🤖 AI Summary
Understanding the generalization mechanisms of deep neural networks (DNNs) remains a fundamental challenge in deep learning theory.
Method: This work investigates DNN generalization from an interaction perspective, proposing a “symbolic interaction” modeling framework. It theoretically derives a rigorous decoupling of generalizable versus non-generalizable interactions and establishes an interpretable generalization attribution framework grounded in interaction distribution morphology—revealing that generalizable interactions follow a decaying distribution, whereas non-generalizable ones exhibit a spindle-shaped distribution.

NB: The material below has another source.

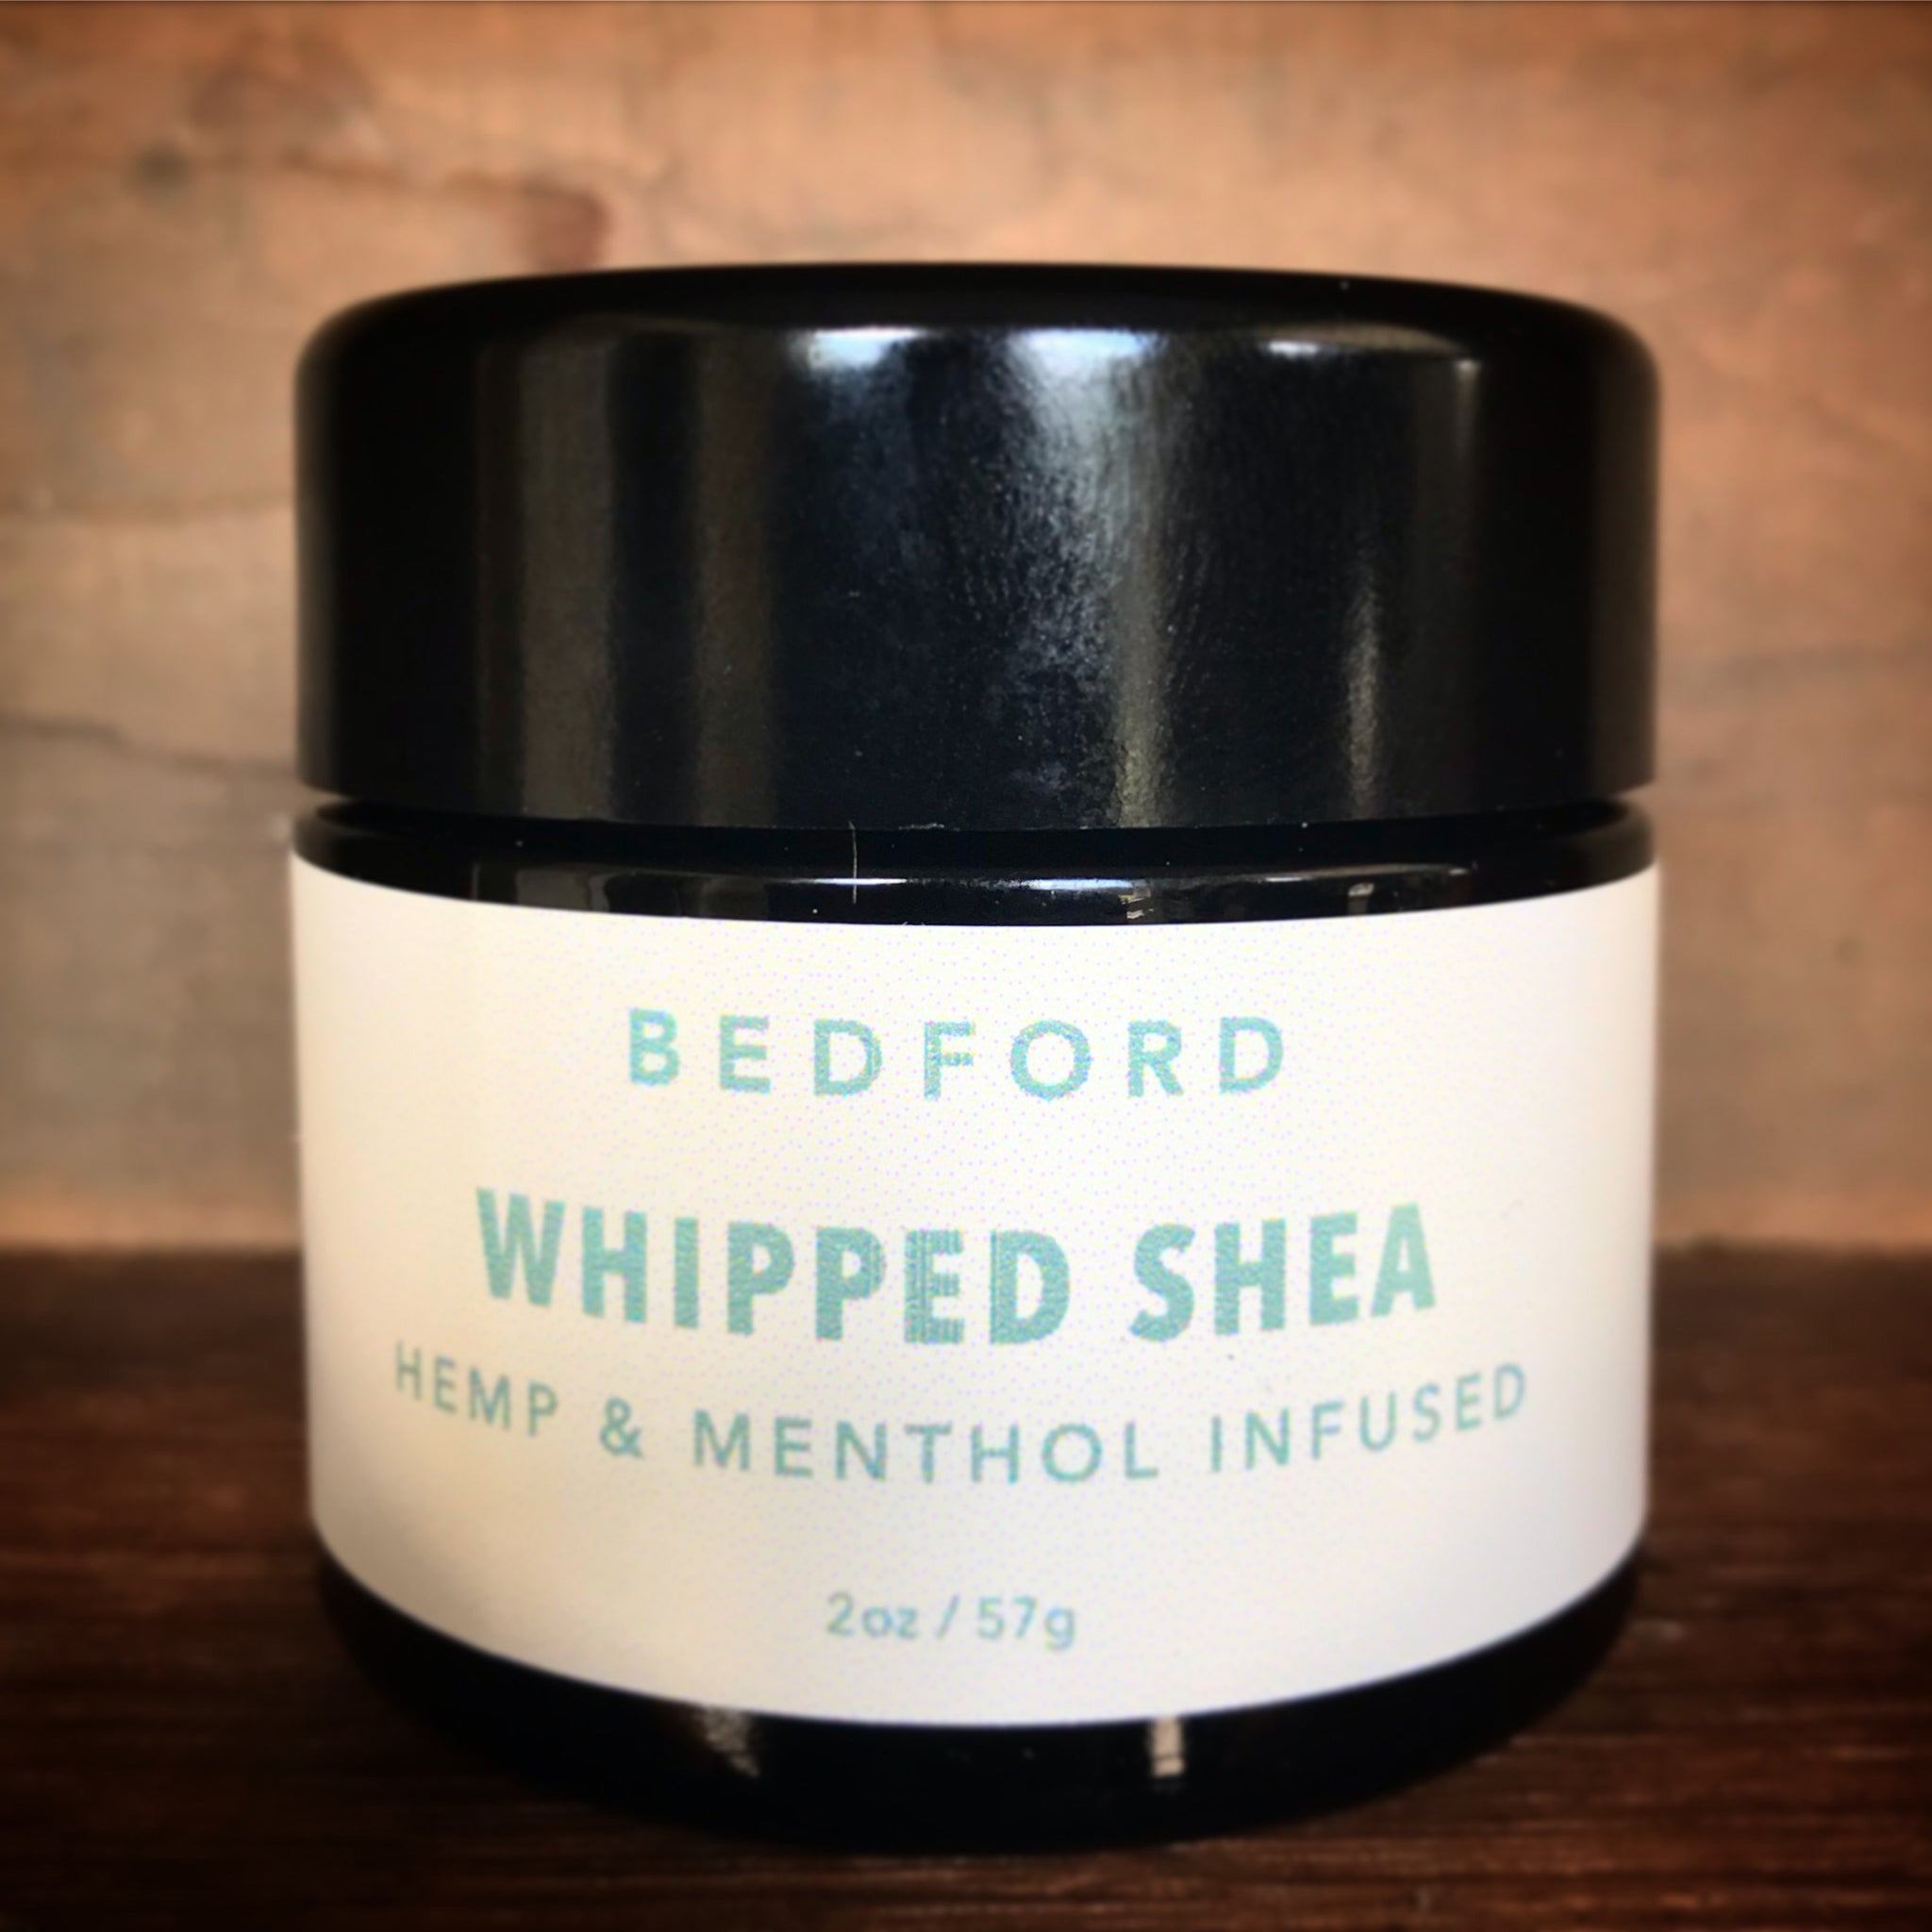 Full Spectrum Hemp & Menthol Whipped Shea – BEDFORD APOTHECARY & SPA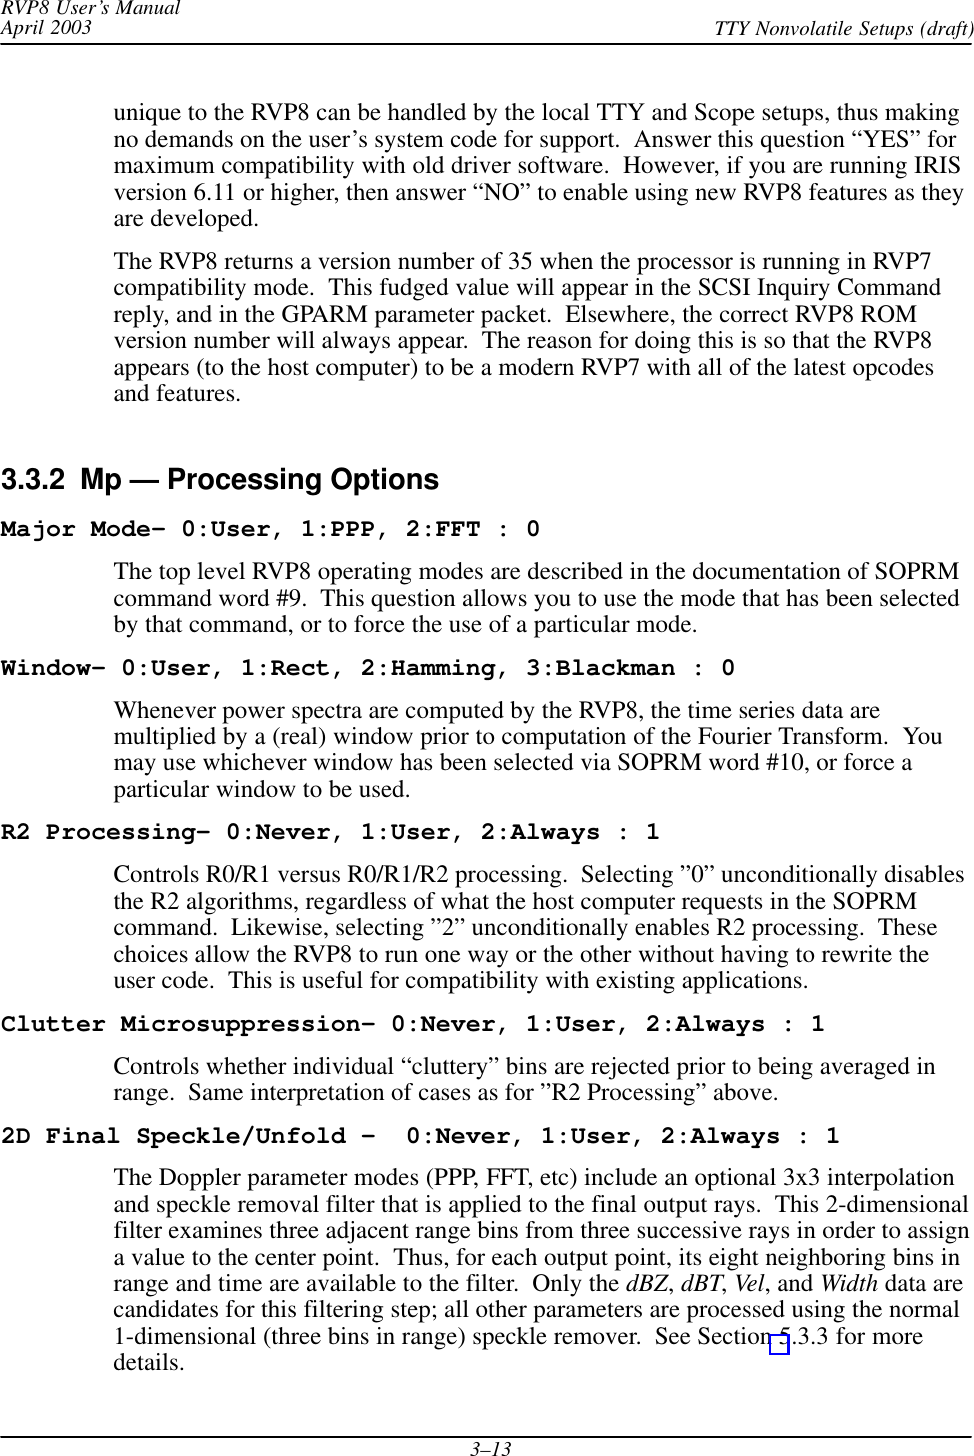 RVP8 User’s ManualApril 2003 TTY Nonvolatile Setups (draft)3–13unique to the RVP8 can be handled by the local TTY and Scope setups, thus makingno demands on the user’s system code for support.  Answer this question “YES” formaximum compatibility with old driver software.  However, if you are running IRISversion 6.11 or higher, then answer “NO” to enable using new RVP8 features as theyare developed.The RVP8 returns a version number of 35 when the processor is running in RVP7compatibility mode.  This fudged value will appear in the SCSI Inquiry Commandreply, and in the GPARM parameter packet.  Elsewhere, the correct RVP8 ROMversion number will always appear.  The reason for doing this is so that the RVP8appears (to the host computer) to be a modern RVP7 with all of the latest opcodesand features.3.3.2  Mp — Processing OptionsMajor Mode- 0:User, 1:PPP, 2:FFT : 0The top level RVP8 operating modes are described in the documentation of SOPRMcommand word #9.  This question allows you to use the mode that has been selectedby that command, or to force the use of a particular mode.Window- 0:User, 1:Rect, 2:Hamming, 3:Blackman : 0Whenever power spectra are computed by the RVP8, the time series data aremultiplied by a (real) window prior to computation of the Fourier Transform.  Youmay use whichever window has been selected via SOPRM word #10, or force aparticular window to be used.R2 Processing- 0:Never, 1:User, 2:Always : 1Controls R0/R1 versus R0/R1/R2 processing.  Selecting ”0” unconditionally disablesthe R2 algorithms, regardless of what the host computer requests in the SOPRMcommand.  Likewise, selecting ”2” unconditionally enables R2 processing.  Thesechoices allow the RVP8 to run one way or the other without having to rewrite theuser code.  This is useful for compatibility with existing applications.Clutter Microsuppression- 0:Never, 1:User, 2:Always : 1Controls whether individual “cluttery” bins are rejected prior to being averaged inrange.  Same interpretation of cases as for ”R2 Processing” above.2D Final Speckle/Unfold –  0:Never, 1:User, 2:Always : 1The Doppler parameter modes (PPP, FFT, etc) include an optional 3x3 interpolationand speckle removal filter that is applied to the final output rays.  This 2-dimensionalfilter examines three adjacent range bins from three successive rays in order to assigna value to the center point.  Thus, for each output point, its eight neighboring bins inrange and time are available to the filter.  Only the dBZ, dBT, Vel, and Width data arecandidates for this filtering step; all other parameters are processed using the normal1-dimensional (three bins in range) speckle remover.  See Section 5.3.3 for moredetails.

Contribution/Results: Empirical measurements across diverse models and datasets confirm strong alignment between theoretical predictions and actual internal interactions in trained DNNs. The proposed distribution-based criterion successfully isolates generalization-relevant interaction components, validating the universality of the observed distributional规律. This work provides both a novel conceptual lens for understanding DNN generalization and a practical, interpretable analytical tool for diagnosing and improving model generalizability.
📝 Abstract
This paper aims to analyze the generalization power of deep neural networks (DNNs) from the perspective of interactions. Unlike previous analysis of a DNN's generalization power in a highdimensional feature space, we find that the generalization power of a DNN can be explained as the generalization power of the interactions. We found that the generalizable interactions follow a decay-shaped distribution, while non-generalizable interactions follow a spindle-shaped distribution. Furthermore, our theory can effectively disentangle these two types of interactions from a DNN. We have verified that our theory can well match real interactions in a DNN in experiments.